··· DATA SEGMENT ···
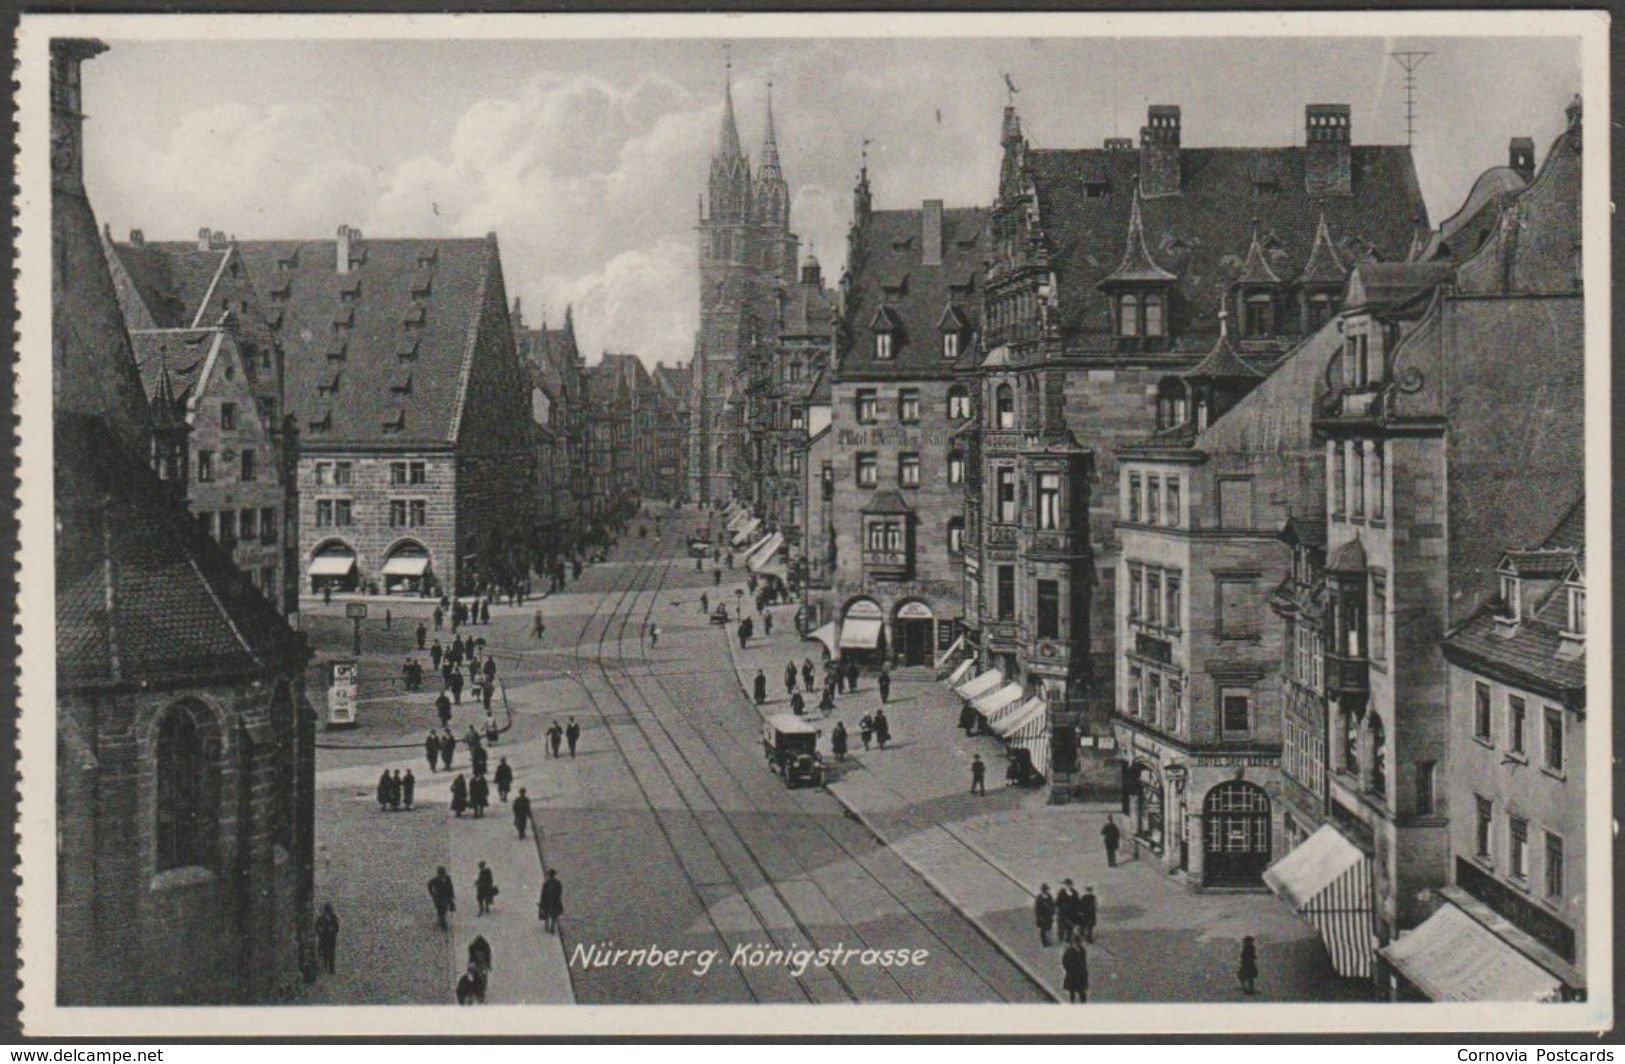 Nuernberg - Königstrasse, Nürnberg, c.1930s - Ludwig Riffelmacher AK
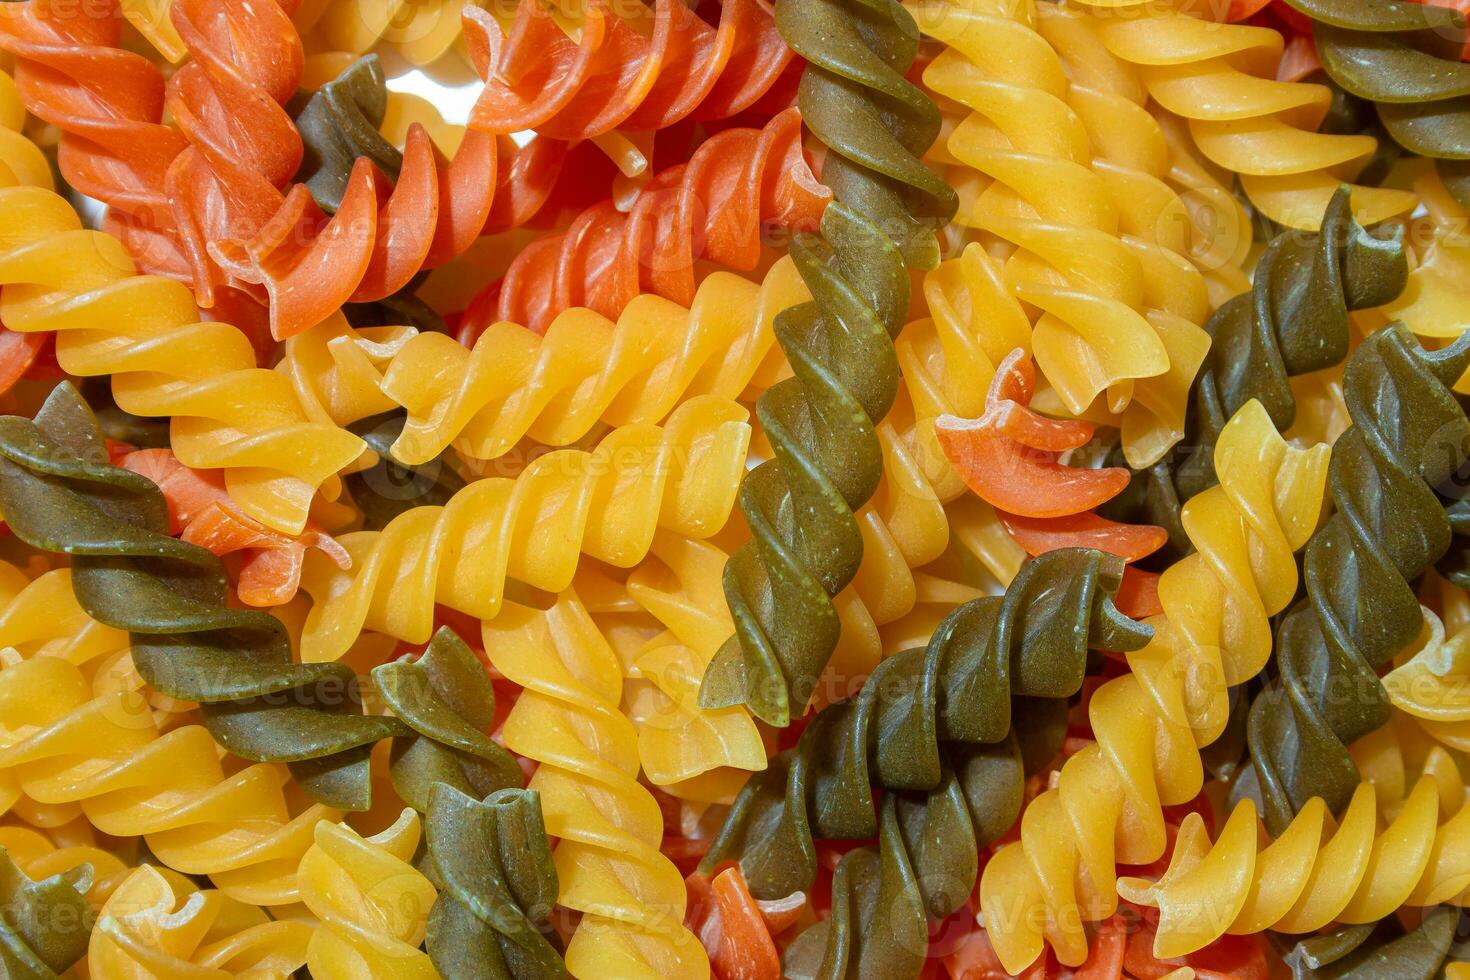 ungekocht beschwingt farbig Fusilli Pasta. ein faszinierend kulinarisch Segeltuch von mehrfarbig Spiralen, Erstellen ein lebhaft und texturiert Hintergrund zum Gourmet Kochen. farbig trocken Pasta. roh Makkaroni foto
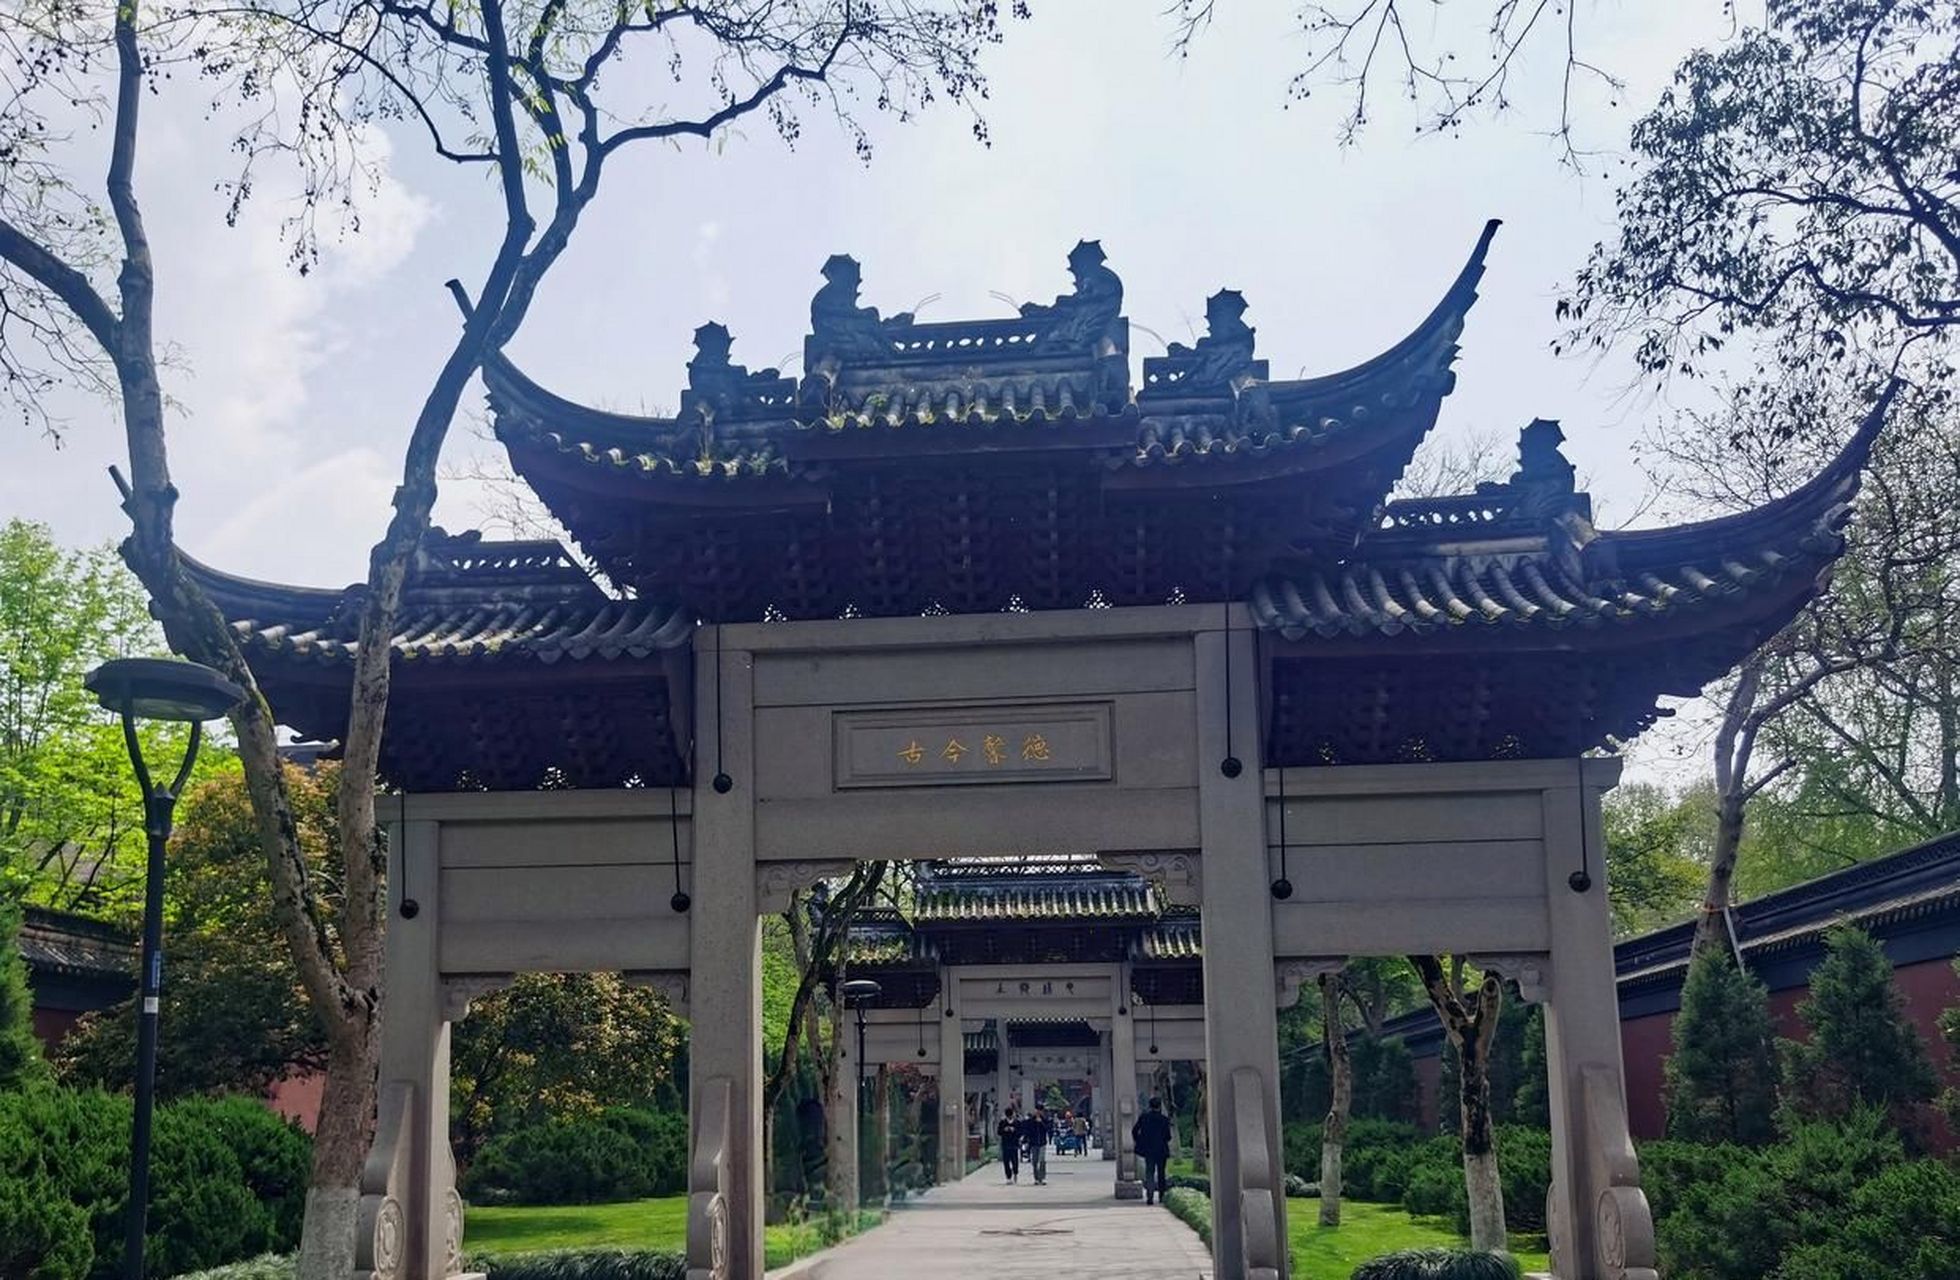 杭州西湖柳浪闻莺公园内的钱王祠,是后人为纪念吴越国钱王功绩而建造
···
▸ ASSIGNMENT:
Output the listing above exactly, pictures omitted.

▸ WRITTEN RESPONSE:
 Nuernberg - Königstrasse, Nürnberg, c.1930s - Ludwig Riffelmacher AK
 ungekocht beschwingt farbig Fusilli Pasta. ein faszinierend kulinarisch Segeltuch von mehrfarbig Spiralen, Erstellen ein lebhaft und texturiert Hintergrund zum Gourmet Kochen. farbig trocken Pasta. roh Makkaroni foto
 杭州西湖柳浪闻莺公园内的钱王祠,是后人为纪念吴越国钱王功绩而建造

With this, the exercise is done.